What is Surrealism in Art?

Surrealism is an artistic movement that has had a lasting impact on painting, sculpture, literature, photography, and film. Surrealists, influenced by the ideas of dreaming and the unconscious of Sigmund Freud, were claimed to be the breaking down of logic chains and expressed that idea in their art by making an illusion that was difficult to put into unimaginably improbable landscapes. Surrealism has never disappeared as a creative artistic principle.

 The emergence of Surrealism art:- 

Surrealism formally started with Dadaist writer André Breton’s 1924 Surrealist manifesto, but the movement originated as early as 1917, influenced by the paintings of Giorgio de Chirico, who captured street locations with a hallucinatory nature. Surrealism is founded on the belief in the superior truth in the benevolence of dreams and disinterest in the thinking of certain types of historically disregarded associations. Surrealism is a work designed to revolutionize the human being’s experience and ignore a realistic view of life that affirms its meaning. In the unforeseen, uncanny, disregarded, and unorthodox the poets and artists of this movement found wonder and strange beauty.

Features of Surrealistic art:-

1.Symbolic visions and dreamlike scenes

2.Unforeseen, illogical juggling

3.Strangely assemblies of everyday things

4. Automatism and a spirit of spontaneity. 

5.Distorted figures and biomorphic shapes

6. Personal iconography 

Types of surrealism

Two simple surrealisms existed: Abstract and Figurative.

Figurative:- Figurative surrealists produced recognizable representational art. Many of the figurative surrealists were profoundly influenced by Giorgio de Chirico, an Italian painter who founded the Metaphysical movement. Giorgio de Chirico, the figurative surrealist, used techniques of realism to render startling, hallucinatory scenes

Abstract:- Abstract surrealists wanted to break entirely free from convention. They explored new media and produced abstract, frequently unrecognizable, forms and symbols, consisting of undecided works. Surrealism exhibitions, both figurative and biomorphic, as well as works that may be identified as Dadaist in Europe between the 1920s and the 1930s.

The use of geometrics, as exemplified by Jean Arp, Andre Massón, Joan Miro, Yves Tanguy, Robert Matta, and others, for the emotionally stronger influence of natural organic forms actual or imagined, was evaded by Surrealist symbolism. The representational style of Surrealism (Verism) deployed true-life imagery in an impossible form or location. See for instance the work of Rene Magritte, Salvador Dali, and Paul Delvaux. Central to a number of surrealist artists was the technique of subconscious or automatic painting. 

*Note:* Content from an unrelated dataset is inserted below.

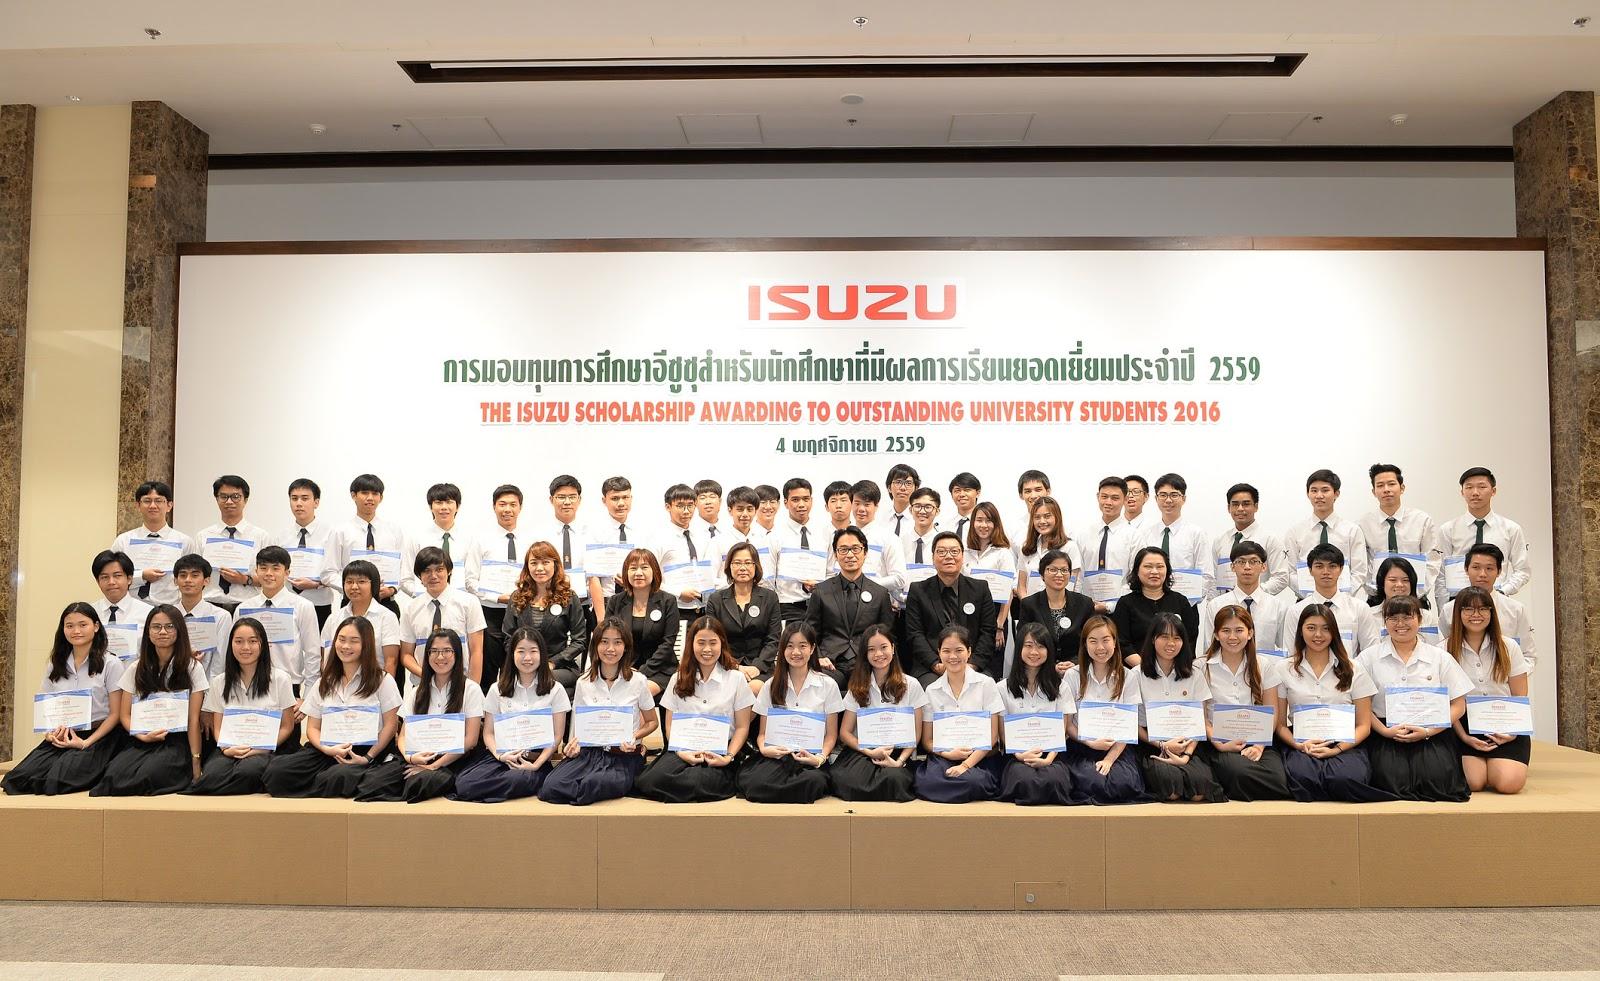 http://www.bangkokexpress.net/news/education
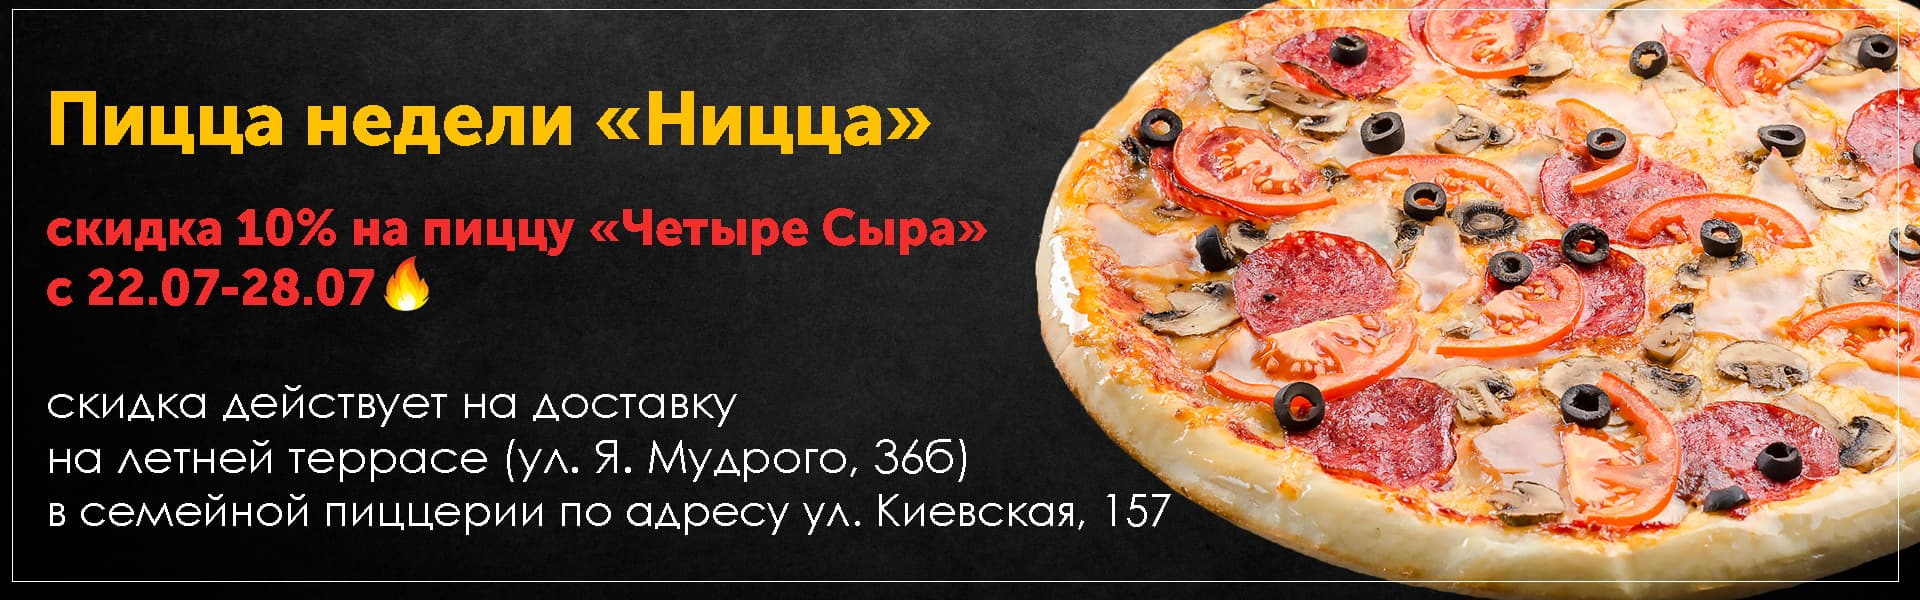 "Акция ""ПИЦЦА НЕДЕЛИ В БРОВАРАХ"" - НИЦЦА! С 22.07-28.07"

Famous surrealists painters:-

Joan Miro:- Painter, poet, artist, and sculptor Joan Miró (1893–1983) created shiny, biomorphic forms that seemed to bubble out of his imagination. In order to excite its imagination, Miró used automatic doodling and painting, but his art was carefully drawn. He was present with the surrealist party and many of his works reveal the movement's influence. The Miró constellations' "Woman and Birds'' sequence shows a personal iconography that is familiar and strange.

Pablo Picasso:- The Spanish artist Pablo Picasso (1881–1973) had been praised as the ancestor of cubism as early as the start of the Surrealism movement. Picasso did not draw his Cubist paintings and sculptures from fantasies, and he barely skirted the edges of the surreal movement. His art nonetheless reflected the surrealist philosophy of spontaneity. Picasso had works replicated in LaRévolution Surréaliste and displayed with surrealist artists. His fascination with iconography and primitive forms contributed to a series of paintings that became increasingly surreal. "On the beach," for example, (1937) puts human figures in a dreamlike setting, blurred. Picasso also composed surreal poetry made up of blurred photographs.

Paul Klee: Paul Klee (1879-1940), a German-Swiss artist who hailed from the musical family, packed his paintings with a personal musical iconography and playful symbols. He's closely linked to Expressionism and Bauhaus. Yet surrealist proponents of the movement praised the mechanical diagram Klee used to produce uninhibited paintings such as Music at the fair.

Surrealism was focused on tapping into the unconscious mind to release creativity. Surrealism aimed to revolutionize the human experience, rejecting a rational vision of life in favor of one that asserted the value of the unconscious and dreams.